Reductionism is the classic focus of science. If you explain the behaviour of the parts of the system then you have explained the entire system. The smaller you go, the more fundamental the science you are learning. As science has pushed the boundaries smaller and smaller, we have followed a strange path of simplification. For years, a limited number of atoms arranged neatly in the periodic table was explained in terms of only three “fundamental” particles - the electron, proton, and neutron. Only now are we realising it's a bit more complex. Our worldview has been altered by the discovery of a slew of new “fundamental” particles in high energy particles accelerators. Three "fundamental" particles were joined by 6 quarks (up, down, top, bottom, strange, charm), four force particles (gluon, photon, Z-boson, W-boson),  6 leptons (electron, muon, tau and their corresponding neutrinos), the Higgs boson and whatever we need to explain gravity: the long sought-after “theory of everything!”

But, if we know the “fundamental” laws of the parts of everything, do we really understand everything?

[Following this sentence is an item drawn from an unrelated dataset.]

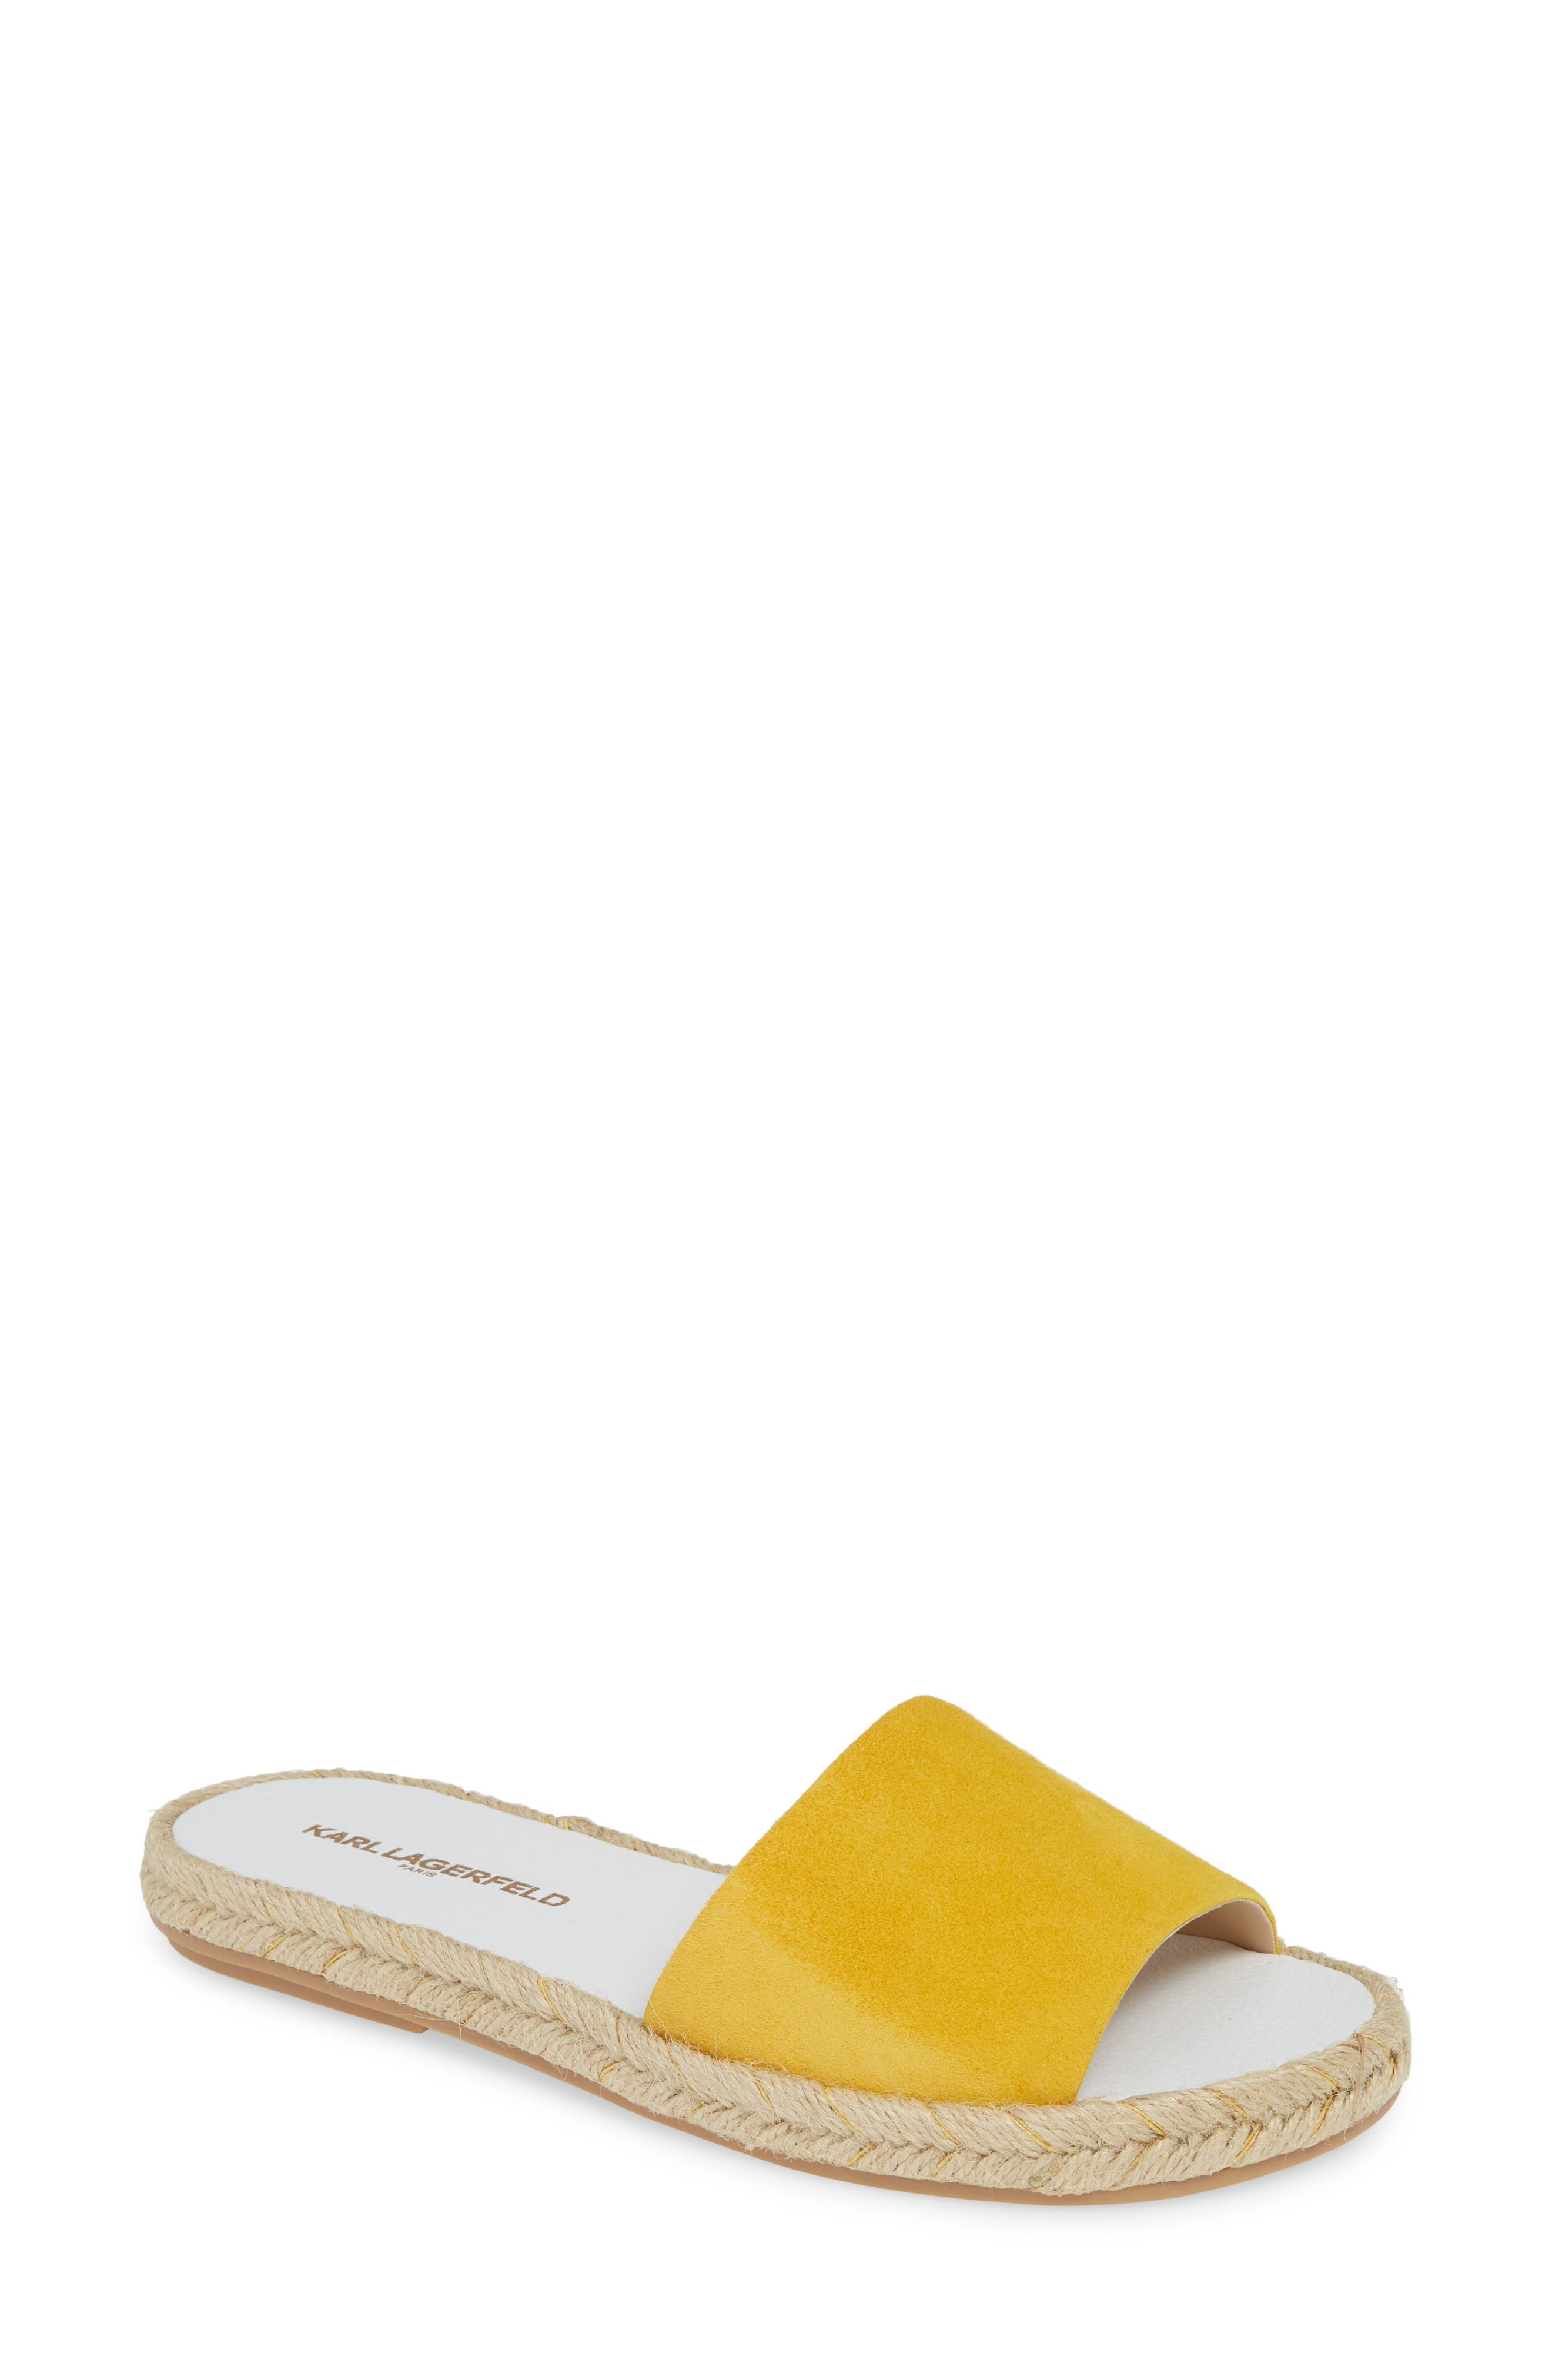 Karl Lagerfeld Paris Niya Slide Sandal, Yellow

Let’s take an apparently simple situation - foam. Foam is a collection of gas bubbles with liquid between them. At the most fundamental level, every molecule in the foam is in a fluid state - free to move and without a fixed position. However, if you ask whether or not the entire foam acts as solid (holds its shape) or a liquid (takes the shape of its container) - the answer is both - depending on the external conditions. Ultimately, you can not answer the question "is the foam a solid or liquid?" ONLY from information about the state of its smallest pieces. You need information about a larger scale of the foam. This is the heart of emergence and requires science that goes beyond reductionism. It is also the source of Nobel Physicist Phil Anderson’s relatively famous article - More is Different. In physics, we find the product of putting lots of stuff together is not always more of the same stuff but can actually result in very different kinds of physics.

What does this have to do with consciousness? We can pretty much agree that neurons are not conscious - at least the molecules in them are not - but we usually agree that people are. This is basically the same problem as foam being solid when its parts are not! With foam, we have some idea where the solid properties come from - the bubbles get in each other’s way. But there are still major details to work out - which is why I have a job! With consciousness, we are probably even further from understanding the rules at the scale of the brain that makes consciousness possible - but we know it is likely to be an emergent property.

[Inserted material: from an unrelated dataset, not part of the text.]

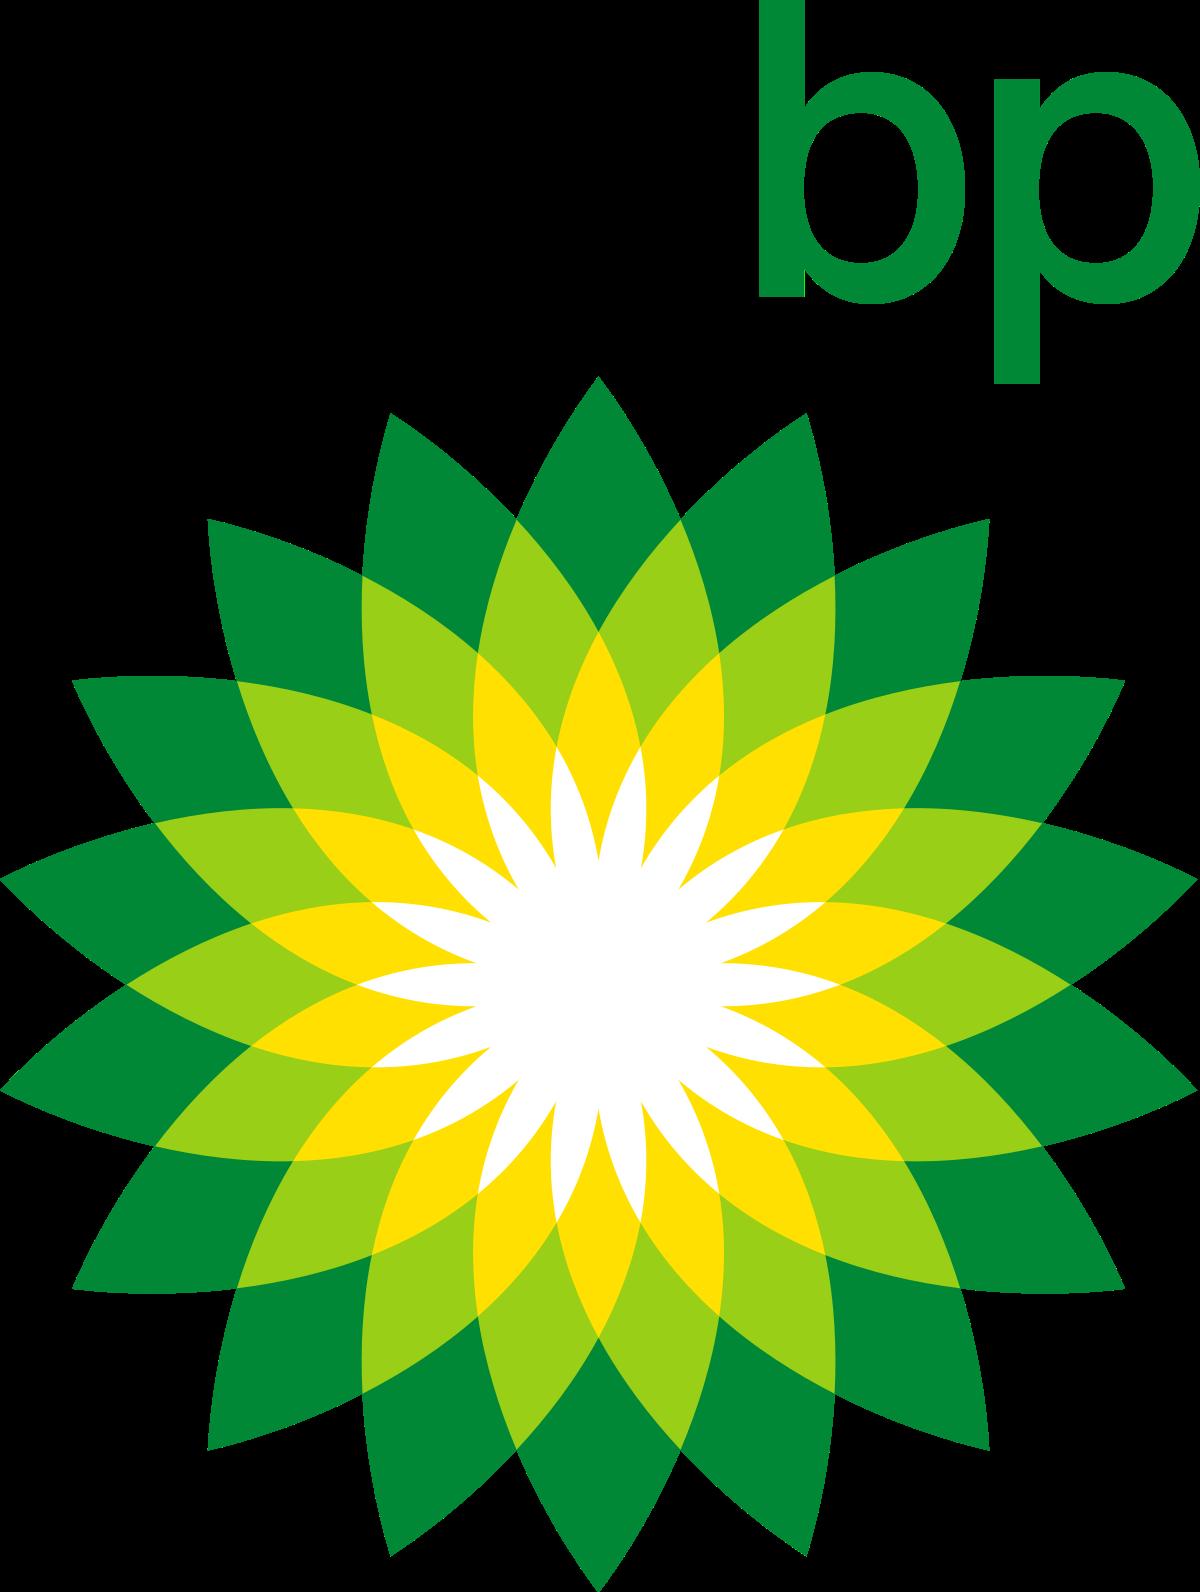 Bp company logo تعرف على 7 من أنواع الشعارات -اللوجوهات- المختلفة

Now, the interesting thing is that emergent properties generally do not depend on the specific matter making up the system. Instead, emergent properties depend on other aspects of the relationships between the parts.  So, foam, sand, slurries, pastes and so on all have similar emergent properties - even though the smallest parts are fundamentally different. Foam is made of all fluid elements, sand is solid elements, slurries are both solid and fluid at the fundamental limit. This suggests that consciousness is definitely NOT limited to neurons. It is not the neurons that make us aware of ourselves, but something else about the way they connect and interact. Supposing we had another system with similar connections and interactions, even if made of very different stuff - then it too could be aware of itself. The obvious object to think about are computers that we build. Interestingly, the way they are connected is extremely different from the way our brain is connected - so it will take something very different to make a conscious computer!

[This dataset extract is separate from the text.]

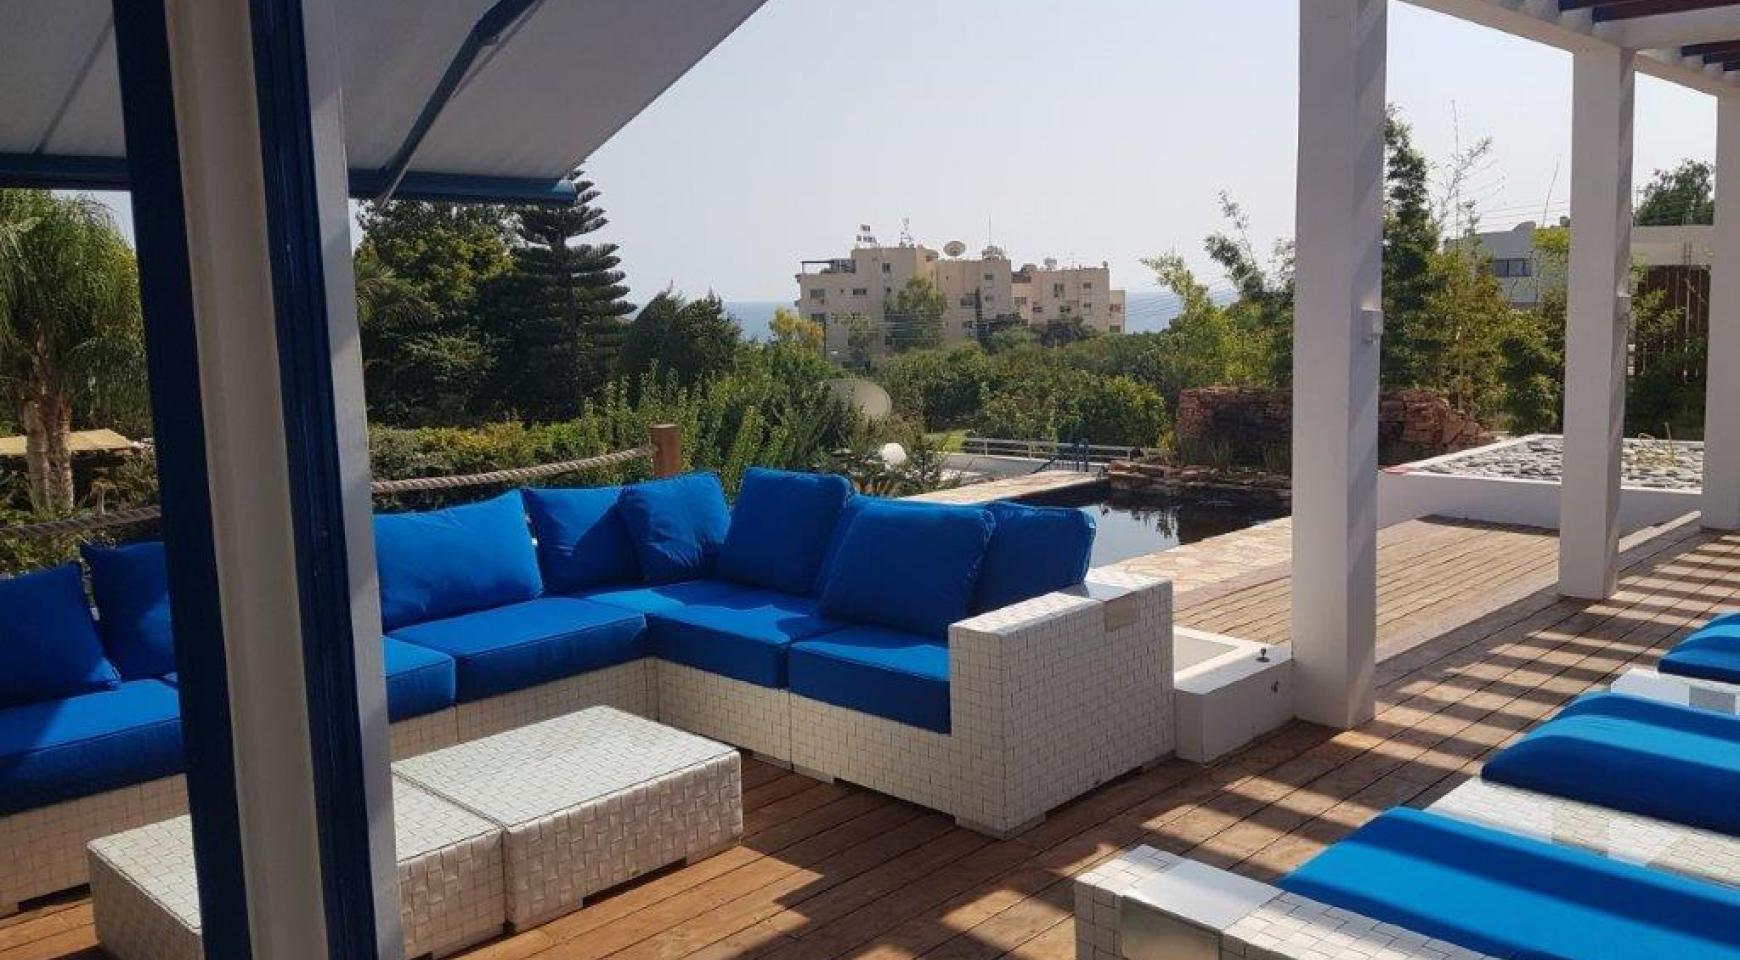 5-Спальная Вилла с видом на Море в районе  Agios Tychonas - 5

What about free will? The ability to make a choice? Free will has additional challenges. A key feature of emergent properties is that they represent new laws that describe physics at a different “scale” but they always arise in a way that the other “fundamental” laws of physics at the smaller scales are not violated. If I return to the example of the foam, for it to hold its shape and act like a solid never requires any individual molecule in the gas bubbles or liquid walls to be anything other than a gas or liquid particle. The shape of the entire foam can be maintained while all the molecules in it are free to move. Likewise, for a system to be “conscious” in the sense that the system is “aware of itself” as an individual, does not require any particular behavior of the individual parts - they can still do their thing.

Free will is more difficult to understand in terms of emergence. At its core, free will is about the ability of a well-defined collection of particles to impact their future state in a way that represents a “true choice” between two outcomes - and not the result of any “decision process” that is the result of the “laws of physics”. Here is the problem - all descriptions of physical reality - whether reductionist and focusing on the smallest objects or emergent and focusing on the behavior of the system - by definition are descriptions that include the set of rules by which different states of the system are connected. In some cases the rules are probabilistic, but there is a still a rule that says a system in state A can change to a system in state B, C, D, etc. and what conditions lead to any particular change, and in cases where the rules are probabilistic, the probability of that change. One can certainly imagine that this set of rules for a person could be very different than the fundamental laws describing the particles making up the system - and designed in such a way that the fundamental laws are never violated by the changes at the system level.

Free will in its strictest form involves a fundamentally different way of viewing how the system changes. It is conceptually the fact that some entities, when evaluating certain actions, have the ability to make an independent decision as to which state to select next that makes free will different. The entity may still have a restricted set of choices - I can not arbitrarily choose to turn lead into gold or to fly - but within that set of choices, there are no set rules governing the choice. It is this absence of any rules that makes free will fundamentally non-physical. The one rule that seems to apply is the condition that the choices do not cause the parts that make up myself or the environment to violate the rules of physics. It is this absence of a “connecting” rule that makes free will fundamentally different from emergent properties.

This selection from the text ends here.